Methanol is an important primary chemical product, used as a chemical feedstock for production of a range of important industrial chemicals, primarily acetic acid, formaldehyde, methyl methacrylate and methyl tertiary-butyl ether (MTBE). Methanol is also used directly as a fuel or fuel supplement. As fuel, methanol can be used to fire rapid-start utility peak-shaving combustion turbines; to substitute for or blend with gasoline to power vehicles; to be converted to gasoline via the ExxonMobil methanol-to-gasoline (MTG) process; or to be converted to dimethyl ether (DME) to power diesel engines.
Most methanol is made from syngas. Although the majority of methanol synthesis is based on natural gas as feedstock, coal-derived syngas is also used; coal/solid feedstocks are used to make 9% of the worldwide output of methanol (Gasification, Higman C., Van der Burgt M., 2003).
Catalytic conversion of hydrogen (H2) and carbon monoxide (CO) from coal-derived syngas into methanol can be done with conventional gas-phase processes, or with a liquid phase methanol (LPMEOH™) process developed by Air Products and Chemicals. The reactions of interest are:
|2 H2 + CO → CH3OH|
|CO2 + 3 H2 → CH3OH + H2O|
|CO + H2O → CO2 + H2|
All three reactions are highly exothermic. The conventional commercial gas-phase process carries out the conversion in fixed-bed reactors at high pressure. Depending on the catalyst supplier, the synthesis reaction is normally carried out at about 600 to 1,700 psig and 400 to 600°F. Substantial process gas recycle of H2 rich gas moderates the temperature rise across the adiabatic reactor. CO concentration at the reactor inlet is normally limited to about 10-to-15%, after dilution with recycled H2.
Catalyst systems used for methanol synthesis are typically mixtures of copper, zinc oxide, alumina and magnesia. Recent advances have also yielded a possible new catalyst composed of carbon, nitrogen, and platinum. This catalyst is based on an earlier catalyst created by Dr. Roy Periana of the Scripps Research Institute. This newer catalyst is a solid material that is suspended in sulfuric acid to aid in the catalysis. The material is easily recyclable as it can be filtered from the acid.

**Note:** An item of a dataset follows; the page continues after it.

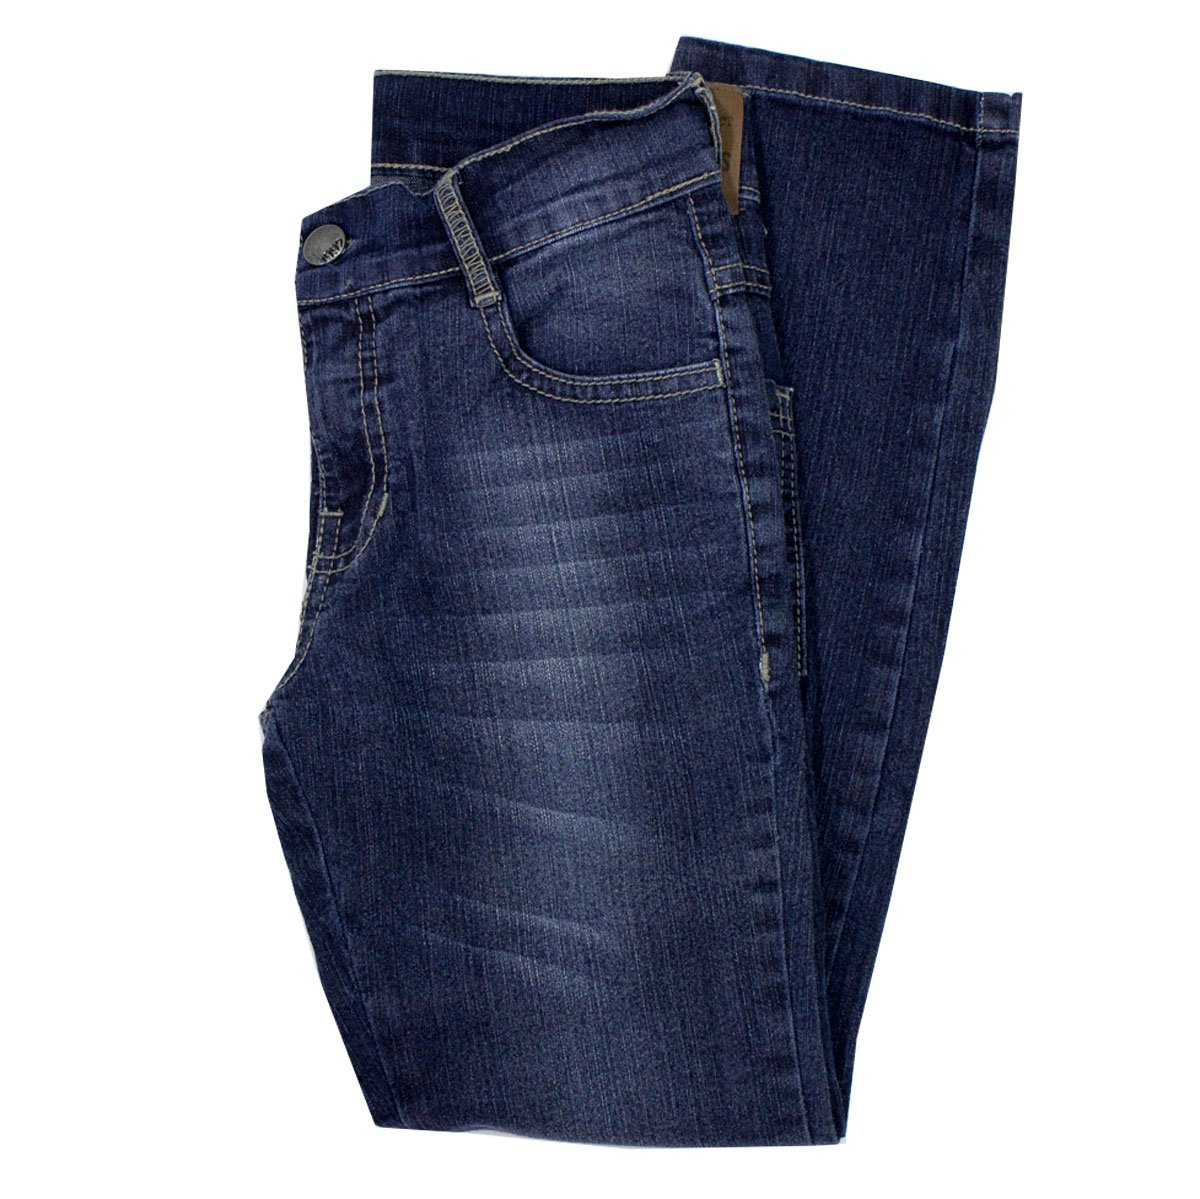 95348c988 Bizz Store - Calça Jeans Infantil Menino Hering Kids

Of the three methanol synthesis reactions, the latter is the well-known water-gas-shift (WGS) reaction. Since the H2/CO ratio in syngas from today’s slagging gasifiers typically ranges from 0.3 to 1, extensive water gas shift is required to meet the stoichiometric H2/CO ratio of 2 for full conversion to methanol.
Examples of Technology and Plant:
Methanol production from syngas is a commercially demonstrated technology, using both natural gas and coal as feedstock. The current world-class methanol plants are typically in the order of 2,000 to 2,500 metric tons per day (t/d). Larger-scale (5,000 t/d) single train methanol process technologies are being offered. Major technology providers include:
From 2011 to 2014, nearly 11 GWth syngas capacity for methanol production started up at several new coal or lignite gasification-based plants in China.